The book has been adapted into a 30 minute animated film, which was broadcast on BBC One in the UK on 25 December 2009. This version features Robbie Coltrane in the title role, James Corden as the mouse, Helena Bonham Carter as the mother squirrel narrator, John Hurt as the Owl, Tom Wilkinson as the Fox and Rob Brydon as the Snake. The production was animated at Studio Soi in Germany and produced through Magic Light Pictures. It was nominated for an Academy Award for Best Short Film (Animated) in 2011. The film was nominated for a BAFTA in 2010.

===Theatre===
The Gruffalo has been adapted for the stage by Tall Stories theatre company, premiering in 2001. The production has toured the West End, Broadway, and Sydney Opera House. A review in The Scotsman says that the play "develops Donaldson's words with perfect understanding". A review in British Theatre praises the "dynamic movements in all the scenes", including fourth wall breaks, but writes that the musical numbers and scenery are not as inspiring. The Gruffalo has also been adapted for the stage by Dutch theatre company Meneer Monster.

==Legacy==
A range of official The Gruffalo merchandise includes clothing, accessories, games, and soft toys. A Gruffalo Woodland Trail was opened on 31 March 2012 at the Dean Heritage Centre in the Forest of Dean. The trail depicts scenes and characters from the book carved by chainsaw artists. Other Gruffalo-themed woodland walks and trails have been established in Great Britain, including those at Kilmardinny Loch in Bearsden, Mount Vernon Park in Glasgow, Ardkinglas in Argyll, Whinlatter Forest Park in Cumbria, and several locations managed by Forestry England. In 2017, Chessington World of Adventures opened The Gruffalo River Ride Adventure after securing a licensing deal with the studio Magic Light Pictures, which created The Gruffalo film. This ride replaced the park's Bubbleworks Ride. Another ride based on Donaldson's book, and Magic Light Picture's film, Room on the Broom was also opened.

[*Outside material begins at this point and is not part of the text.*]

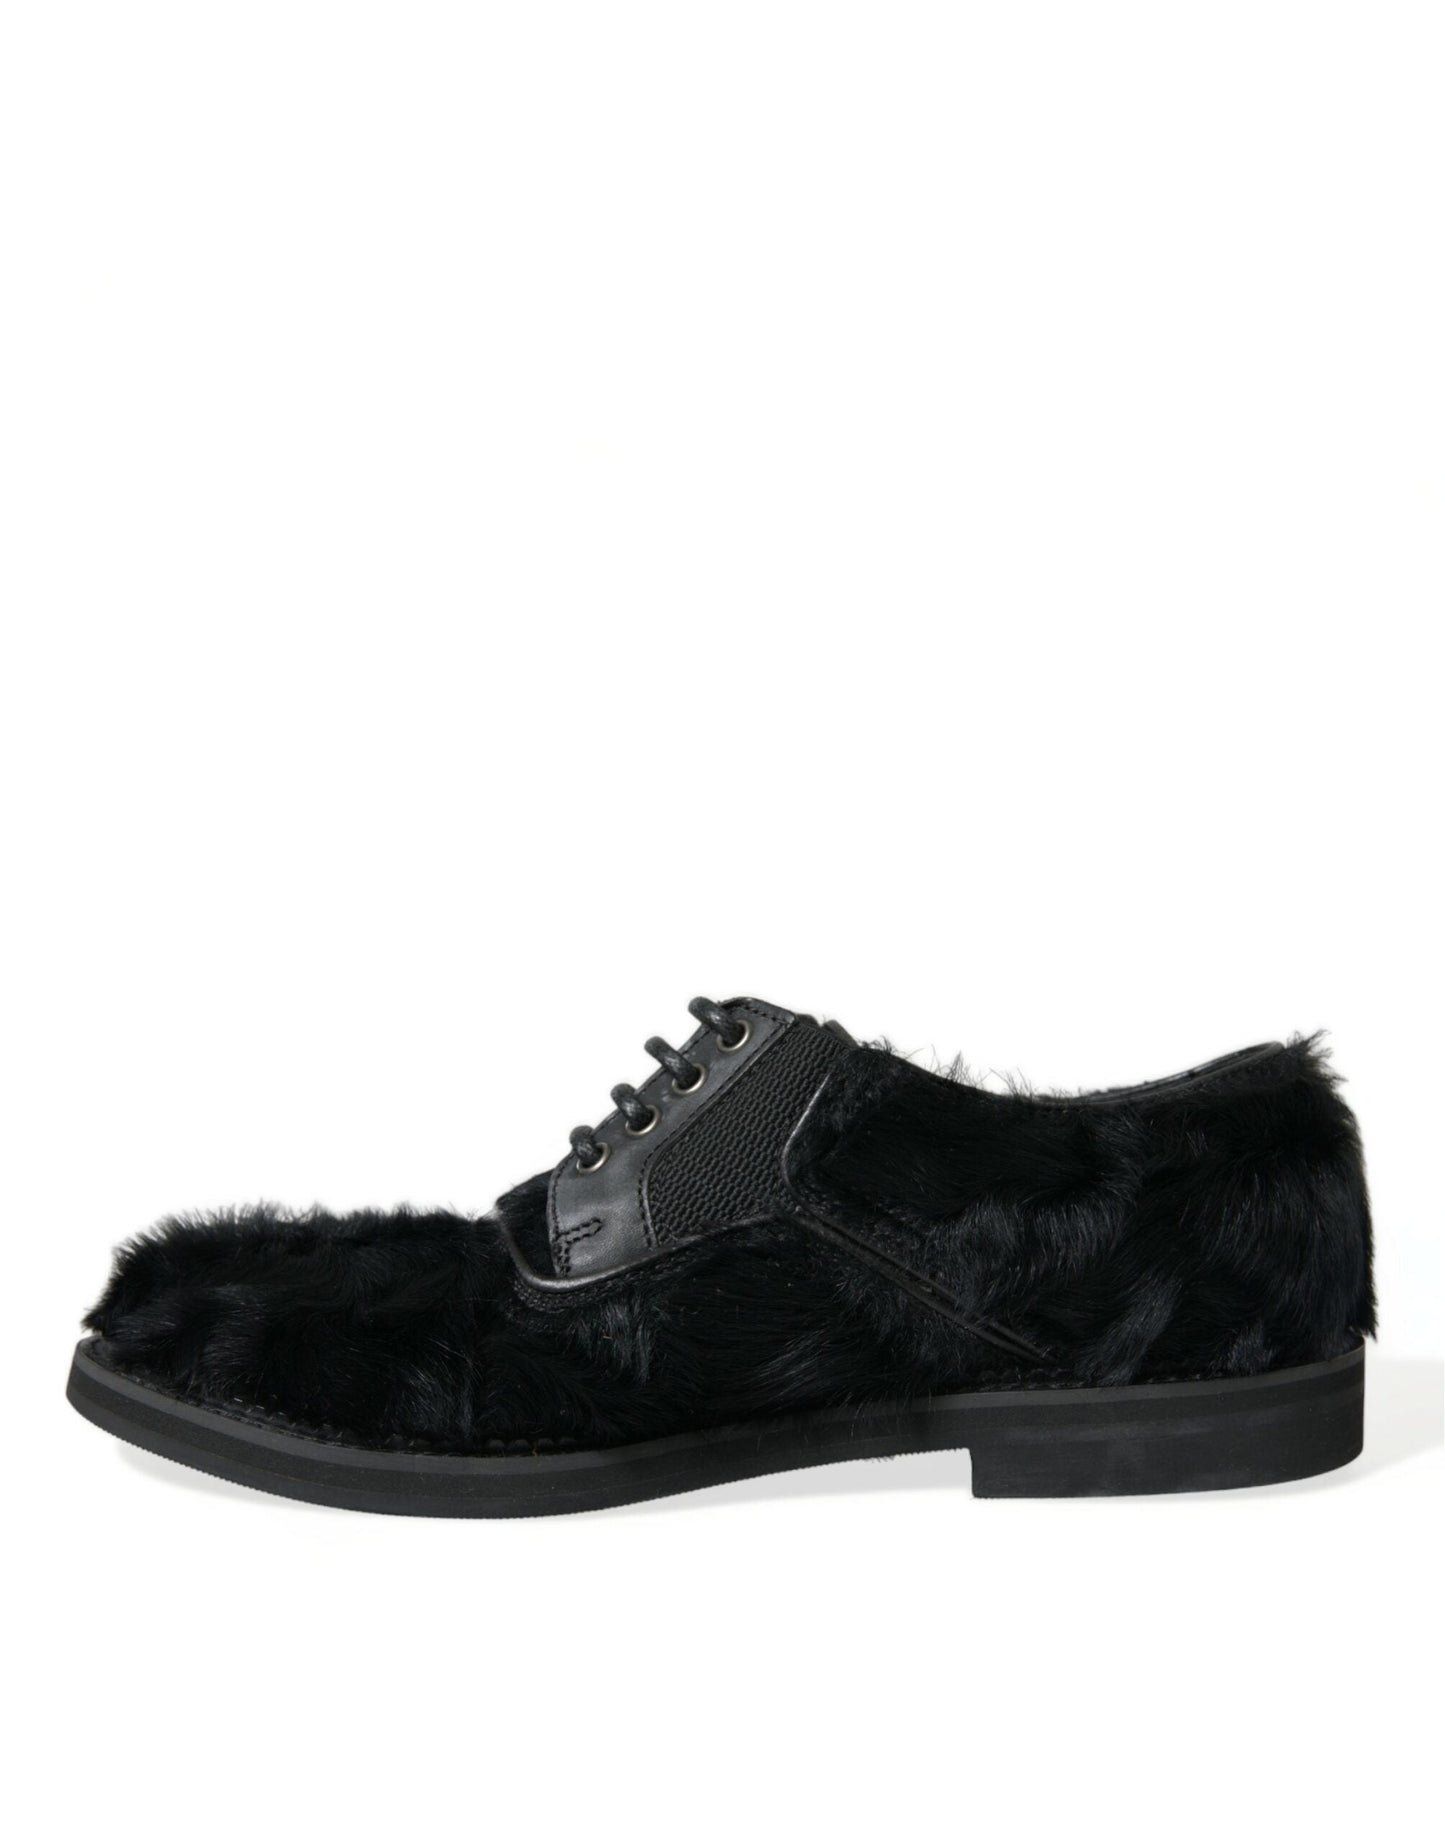 Fashionsarah.com Fashionsarah.com Dolce & Gabbana Black Fur Leather Lace Up Derby Dress Shoes

Sterling silver, gold, and UK 50p commemorative coins featuring "The Gruffalo" were issued in 2019 to mark the 20th anniversary of the book's publication. The coins were not introduced into general circulation, but were sold through the Royal Mint website. The 50p coins sold out within a day of being released. The same year, characters from the book featured on a series of UK postage stamps issued by the Royal Mail.

=== Awards ===
The Gruffalo won the Nestlé Smarties Book Prize and Blue Peter Book Award's Best Book to Read Aloud. In November 2009 the book was voted "best bedtime story" by listeners of BBC Radio 2. In a survey by the British charity Booktime in 2010, the book came first in a list of children's favourite books.